Award winning manufacturer of IT-based building automation.
& Angela Lewis
January Issue - BAS Column
One of the challenges
we have with commercial buildings is the fine
line between providing a safe and healthy indoor environment and
maximizing energy efficiency. This challenge is exasperated when it
comes to the topic of the “V” in HVAC or ventilation. Ventilation
air (or minimum outside air) is essential for balancing building
pressurization and for removing, or diluting, the impact of indoor
pollutants including various chemicals such as VOC’s as well as
CO2. Of course during part of the year, we can also use
ventilation air for free cooling or economizer. Bringing in too
little outdoor air can result in building pressure issues and can
jeopardize the health of the building occupants. On the other
hand bringing in too much ventilation air can have a significant impact
on the amount of energy required to heat, or cool and dry the makeup
Ideally we want to bring in just enough outdoor air to keep the building at a net positive pressure and to maintain healthy indoor environmental quality. Of course this is not as easy as it sounds since the distribution of contaminants is not uniform. Fortunately there has been extensive research and discussion conducted by industry over the last several decades, much of which is reflected in ASHRAE Standard 62 and eventually adopted into state and local mechanical codes. While you should consult your local code for more details, the general trend for ventilation management is as follows:
The codes and standards for ventilation design have changed significantly over the last 20 years. We often find existing buildings that may still be operating as originally designed (back when indoor smoking was common) or those that over the years have gone too far in reducing ventilation levels. For any new or existing building, the first step in evaluating ventilation is to look closely at the building pressurization, occupancy, code when constructed, and the current code requirements. Often we find that just re-balancing to the current code can have a significant impact on energy efficiency.

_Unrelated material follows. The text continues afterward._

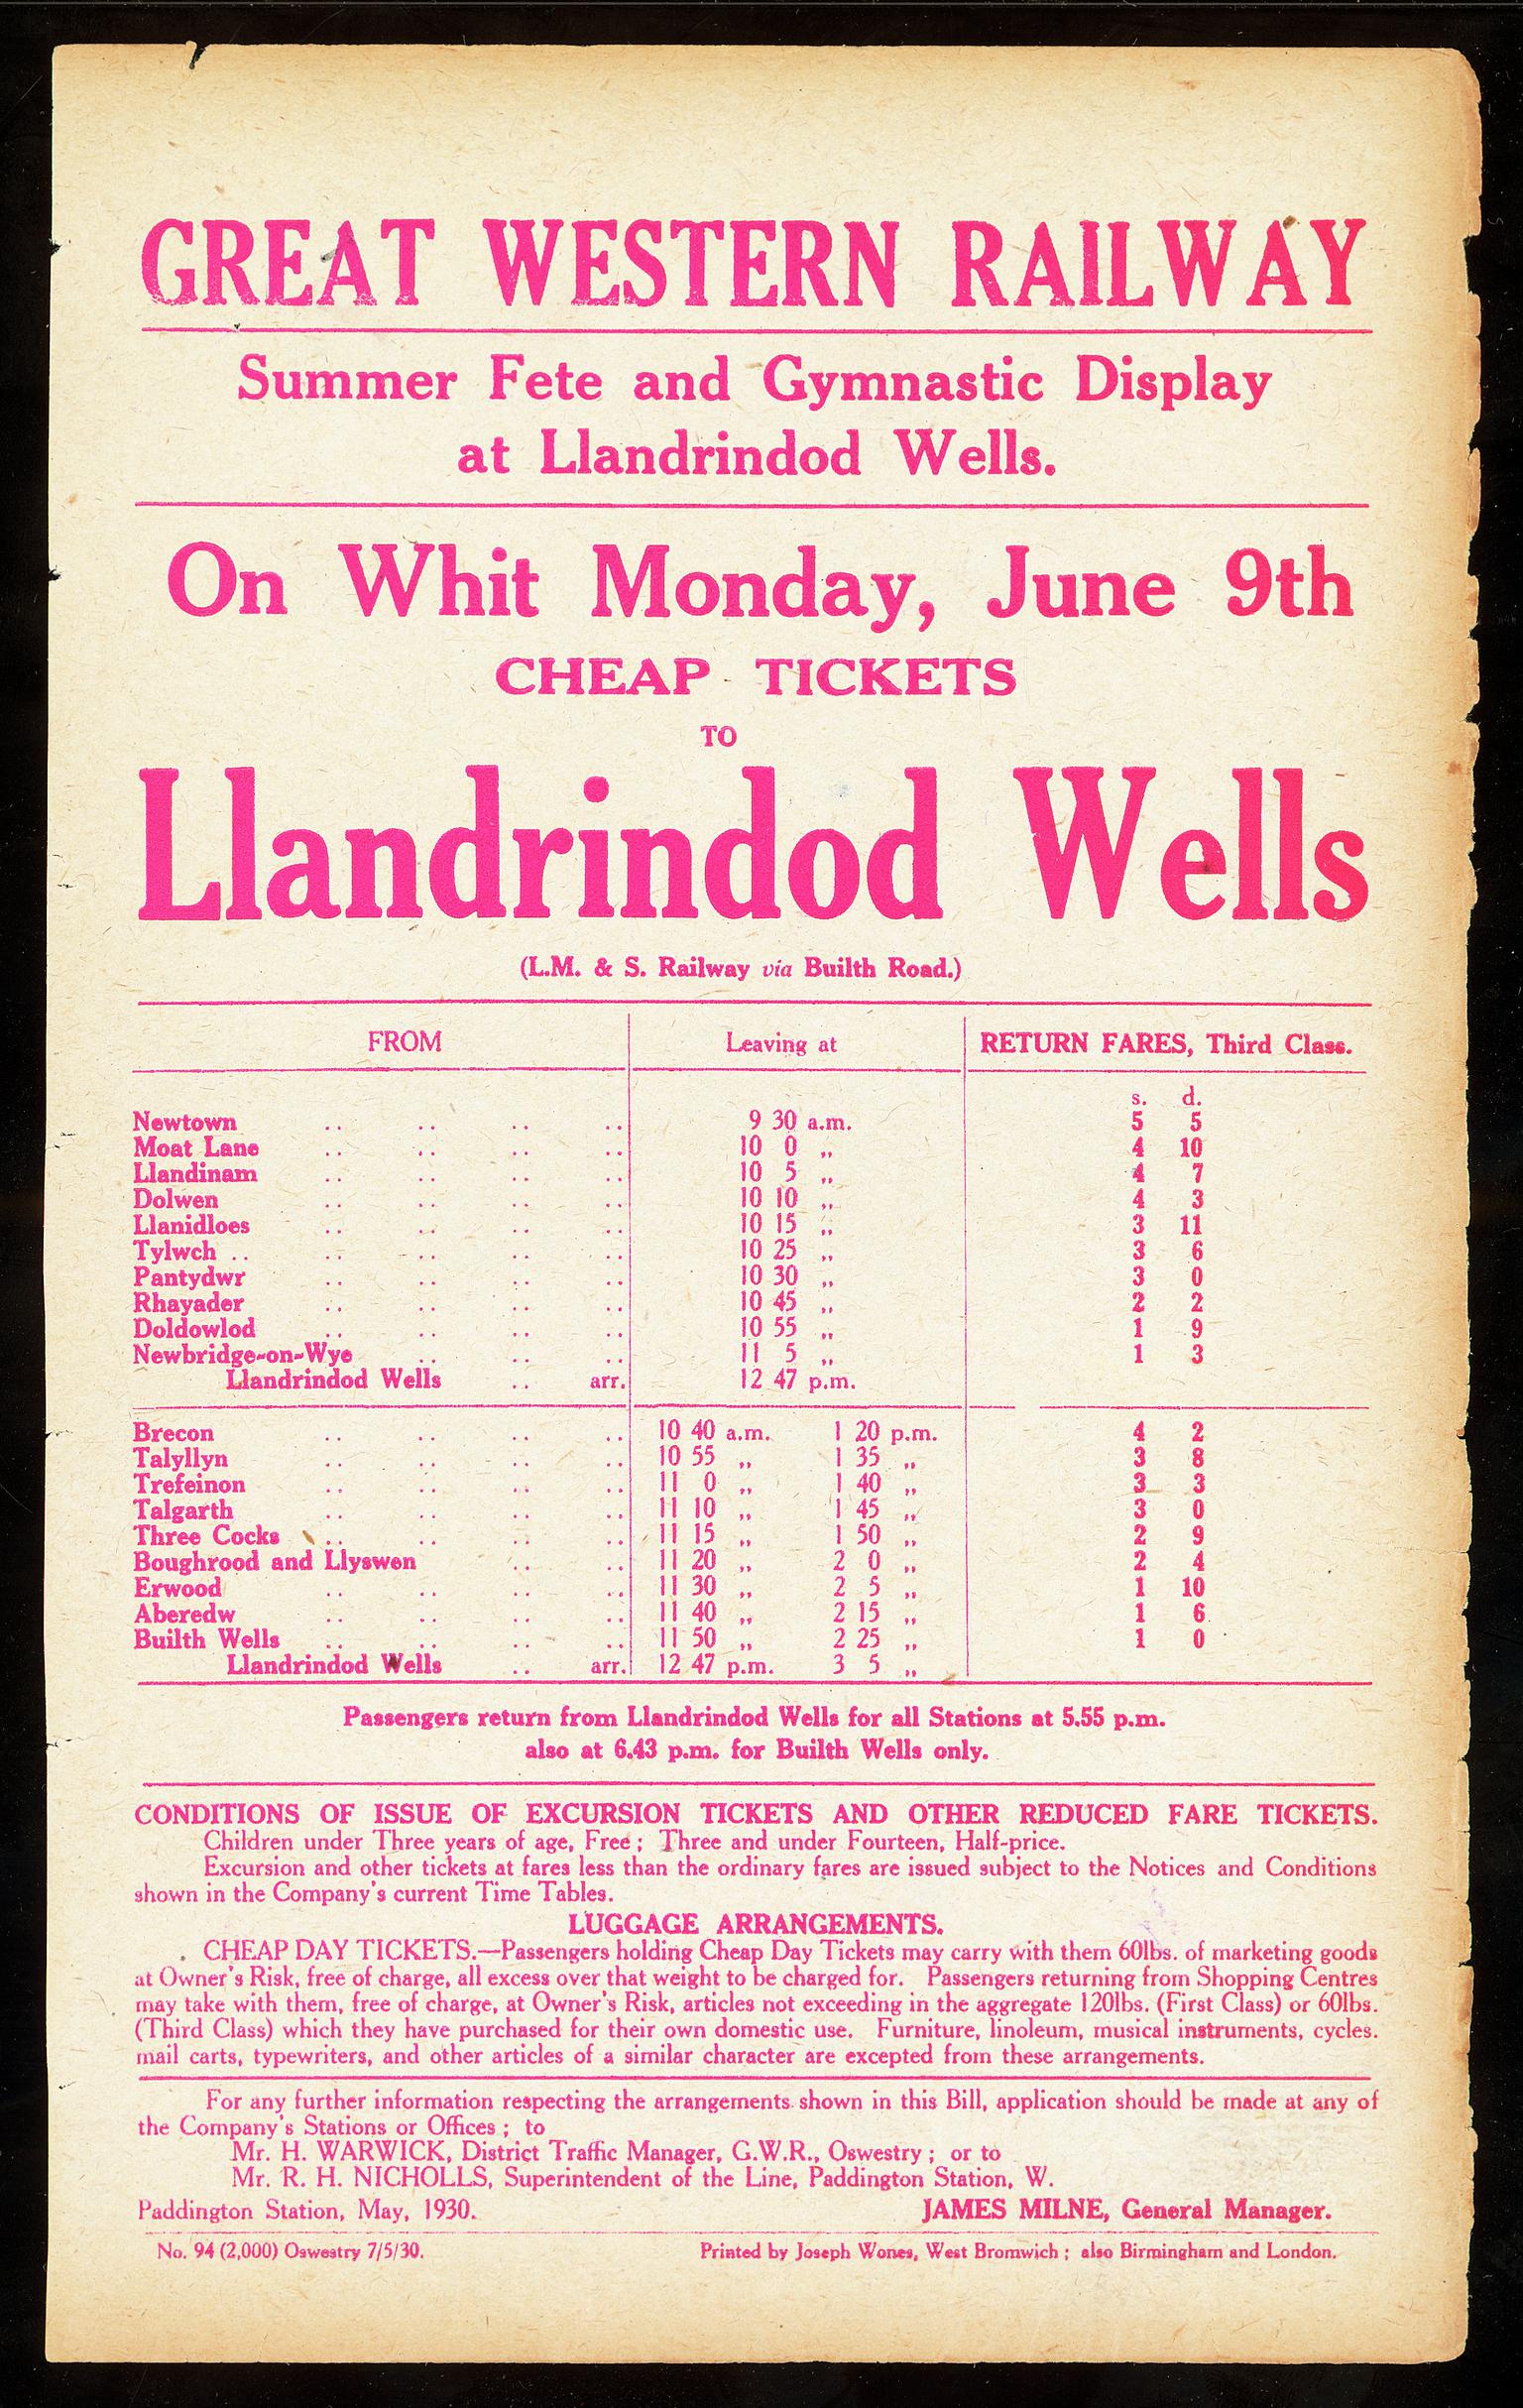 Great Western Railway, handbill

Demand Controlled Ventilation:
Many state codes now allow for the use of demand controlled ventilation or DCV. The concept of DCV is to measure and control the amount of ventilation air based on indicators of occupancy. ASHRAE Standard 62 has a series of tables that outline the required levels of building area and occupant ventilation for various building types. The area rates are intended to deal with the impact of chemicals and odors and must be provided at all times when the building is occupied. The people portion of ventilation can be varied based on occupancy using counts or an indicator such as CO2. In order to properly apply DCV you need a method of measuring and controlling ventilation air as well as a way of measuring occupancy. The use of DCV is a natural for buildings, or areas of buildings, that have highly variable occupancy. For example a church or an auditorium is a perfect application. Properly applying DCV in facilities with VAV systems is more complicated to do properly.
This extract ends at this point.